Most of the humor comes from the way the animation moves. That’s unique, because anime is mostly an exercise of limited animation. This is true of Gainax, where the animation tends to be fuller in the beginning of their series1. Afterwards, they run out of money and take shortcuts that undermine the good stuff they do.
FLCL is good. From top to bottom, the animation is lush and inventive. It’s one of those shows that brings to mind the frenetic and energetic style of Looney Tunes. Refreshing, too, is the fact that one part of FLCL can look entirely different from another, as storyboard artists are given more leeway and freedom than in your typical anime series, lending individuality to scenes that could have been trite.
The voice talent is more than up to the challenge. Haruko is voiced by Mayumi Shintani, and she doesn’t seem to be influenced directly by other anime. Shintani takes what could have been a boring “tough girl” and inflects her with a nasal, knowing, and careless performance (in a positive sense). Jun Muzuki is up to the task too, milking the sullenness of Naota, and he keeps Naota from being annoying.
This is key to the show’s success. FLCL has every chance to be annoying. It’s like an advanced stage of Excel Saga (the anime parody), but the parodies are subtle. And Excel Saga, funny as it is, can be very, very annoying. FLCL joins narrative and humor. The jokes aren’t an adjunct to the action – they move it forward.
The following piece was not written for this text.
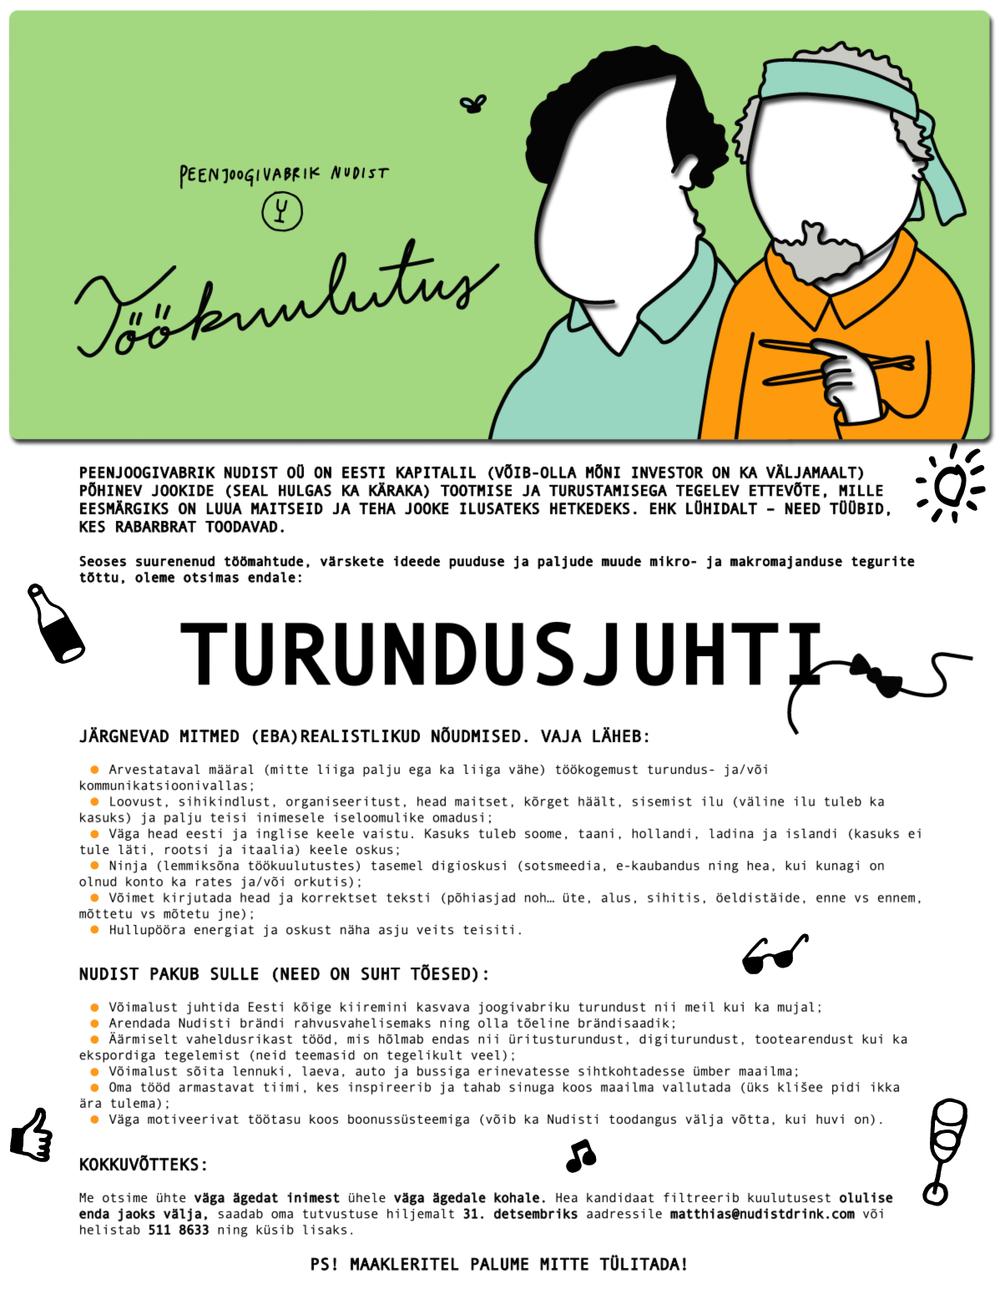 Nudist_Turundusjuht_31dets.png

They are the motivation.
FLCL is not just funny or inventive, but satisfying. There’s a “there” there. A theme develops, and if you don’t get it the first time, each viewing makes it apparent. There’s a reward for paying close attention, a bigger reward than being able to get a few jokes or references.
Listen to the soundtrack. Almost all of it is by The Pillows, a Japanese alt-rock band. Since none of it was created for the show, it creates a unique atmosphere. Made independent of the show, the music is a counterpoint, a commentary. It’s not a slave to the image. Certain tracks are used as motifs, and they help the show to cohere from ingredients that, by all rights, should have made for a mess.
That is, finally, the wonder of FLCL: how these generic elements (big robots, snotty kids, robot maids, alien invasions, and government conspiracies) add up to a great show. It should be what justifies anime hatred. Instead, it’s transcendant. If you don’t like it, it’s because you missed something.
1This is true of His And Her Circumstances, which had so many budget shortfalls that 1.5 episodes were clipshow recaps (redundant since most of the episodes had recaps at the beginning, almost all of them with the same narration). It re-used tons of animation, it used live-action camera tricks (moving cutouts of characters on Popsicle sticks), and it was generally annoying for the second half of the series.